Summer Breezes

 

sbsmallAvailable on Kindle 

Melina Howard wasn’t looking for romance. She was looking for someone to crew in a sailboat regatta, and she thought she had a ringer in former

sailing instructor Blake Allen. It should have been a simple afternoon sail, but nothing is simple when you add a family feud, a town drowned deep

beneath the lake’s surface, and a patriarch unwilling to forgive and forget.

Q & A with Veda Boyd Jones regarding Summer Breezes

Q. Are you a sailor? How else would you know so much about sailing?

A. Jim and I are half-owners of an old 25-foot Catalina. Our sailboat partners live in New York and are only here for a week each year. The rest of the year, we’re in charge of the boat that’s harbored on Grand Lake in Oklahoma.
Through the years I’ve learned things like a rope is a rope on land, but once it’s on a boat, it becomes a ‘line.’ There’s a reason for the specialized vocabulary of sailors. Starboard (right when you’re standing in the back of the sailboat) and Port (left) are always the same, no matter which way you’re facing. That way, when it’s critically important to tack or drop a sail, everyone knows to which side the captain is referring.
I talk big, but I know very little about sailing.  My chief job onboard is to fix sandwiches and hand out drinks or cookies.
There is a peaceful feeling when you’re out in a boat and the sound of lapping waves is all you hear. No roar of a motor disturbs the quiet.

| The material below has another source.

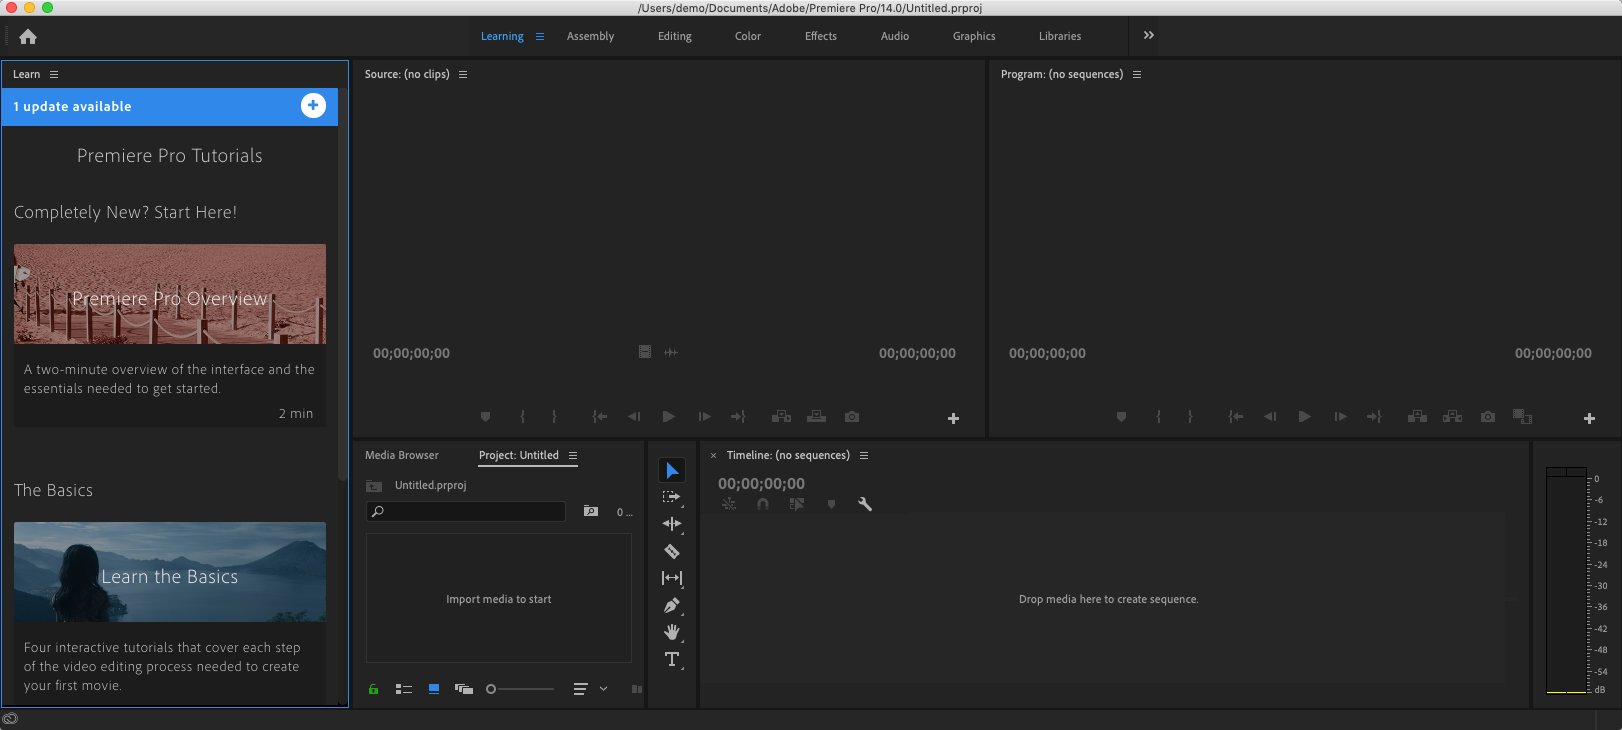 Adobe Premiere Pro 2020 14.0 : Main Window

Q. The love story sounds like Romeo and Juliet?

A. Very perceptive. That’s exactly what the plot is based on. Nothing like a family feud to add tension to a novel.  In this case, I researched the building of the dam on Grand Lake and learned that two towns were moved when the river valley was flooded to form the lake. I put the hero’s family on one side of the issue and the heroine’s family on the other. Instant tension.